Attraverso la città e passo a rassegna le insegne pubblicitarie masticate dall’abbandono. Qui, mi dico, c’era una pasticceria molto buona, adesso rimane solo quest’albero di metallo senza insegna e nella vetrina ci sono esposti caschi per moto, bottiglie di olio e lubrificante, e qualche avviso alla clientela: “Offerta tergicristalli”. Svolto l’angolo e noto una Smart rosa confetto con grossi adesivi di Hello Kitty sulle portiere, penso che questa città abbia perso il suo buongusto da tempo ormai. Prendo la strada più lunga, perché i pensieri hanno traiettorie che necessitano di più tempo. Ho sonno e sento gli occhi pesanti, anche se scarseggia in me la voglia di tornare a casa.

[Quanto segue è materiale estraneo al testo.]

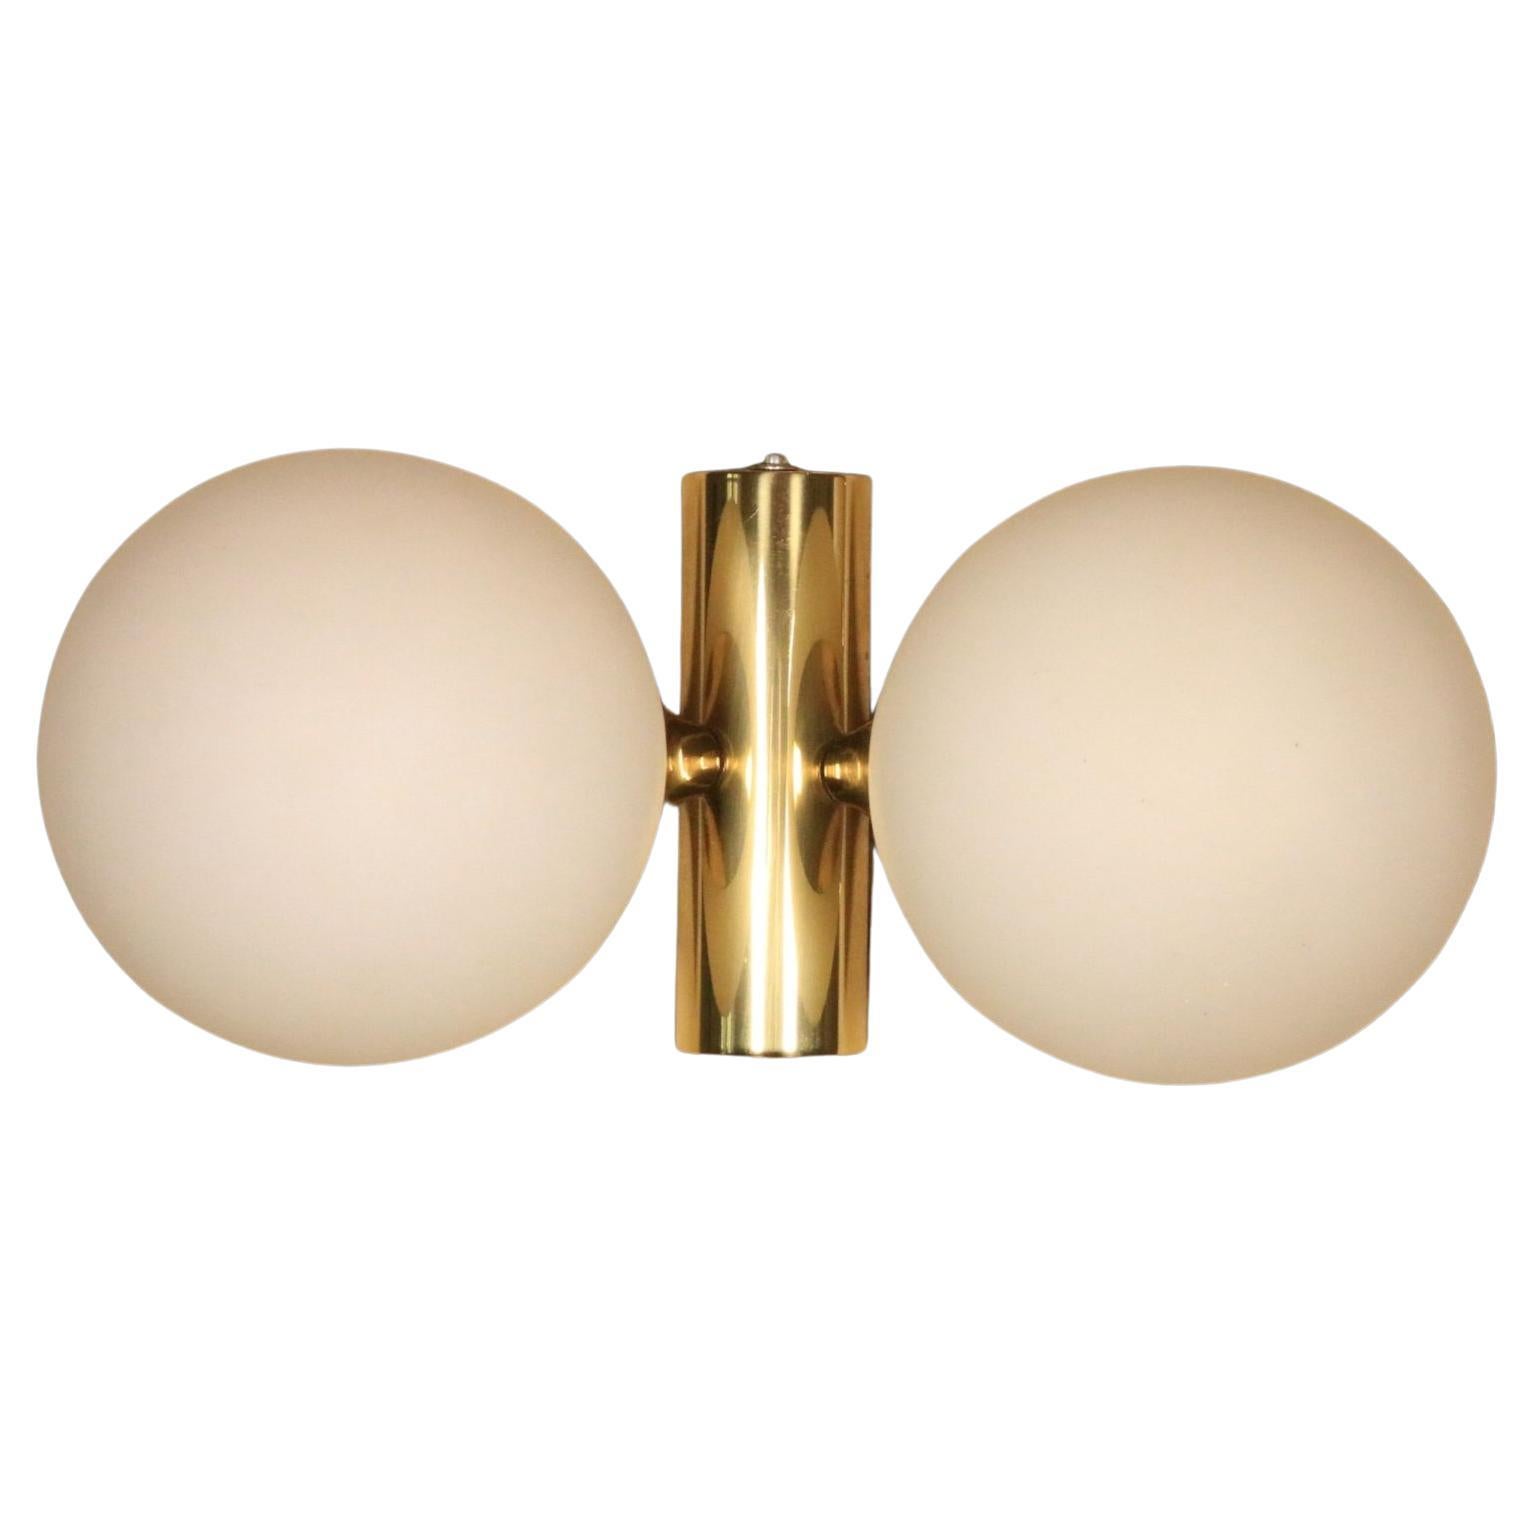 Elegant Wall Light, Brass / Opaque Glass Balls, Kaiser Leuchten, 1970s

Sul selciato ci sono ancora tracce delle linee gialle che delimitavano il posto invalidi che ormai è stato dismesso, dopo la morte dell’anziano signore che ne usufruiva. Posteggio a marcia indietro, e mentre chiudo la portiera dell’auto il rumore riecheggia nel quartiere vuoto. Sorrido, di pensieri così funesti. Sorrido di me e di tutto quello che la mia mente ha partorito. Che razza di pensieri sono questi prima di andare a letto? La chiave gira un paio di volte nella toppa, mi guardo alle spalle come se ci fosse qualcuno pronto a spiarmi. Lascio fuori quella me che stanotte ha giocato con i morti. Getto ogni cosa sul primo ripiano disponibile e mi svesto con distrazione. Mi seggo sul pavimento che ha tutta l’estate sul dorso e brucia, il cane mi lecca il volto, iniziamo a giocare, mentre fuori il tempo fa il suo dovere e l’alba chiede parola.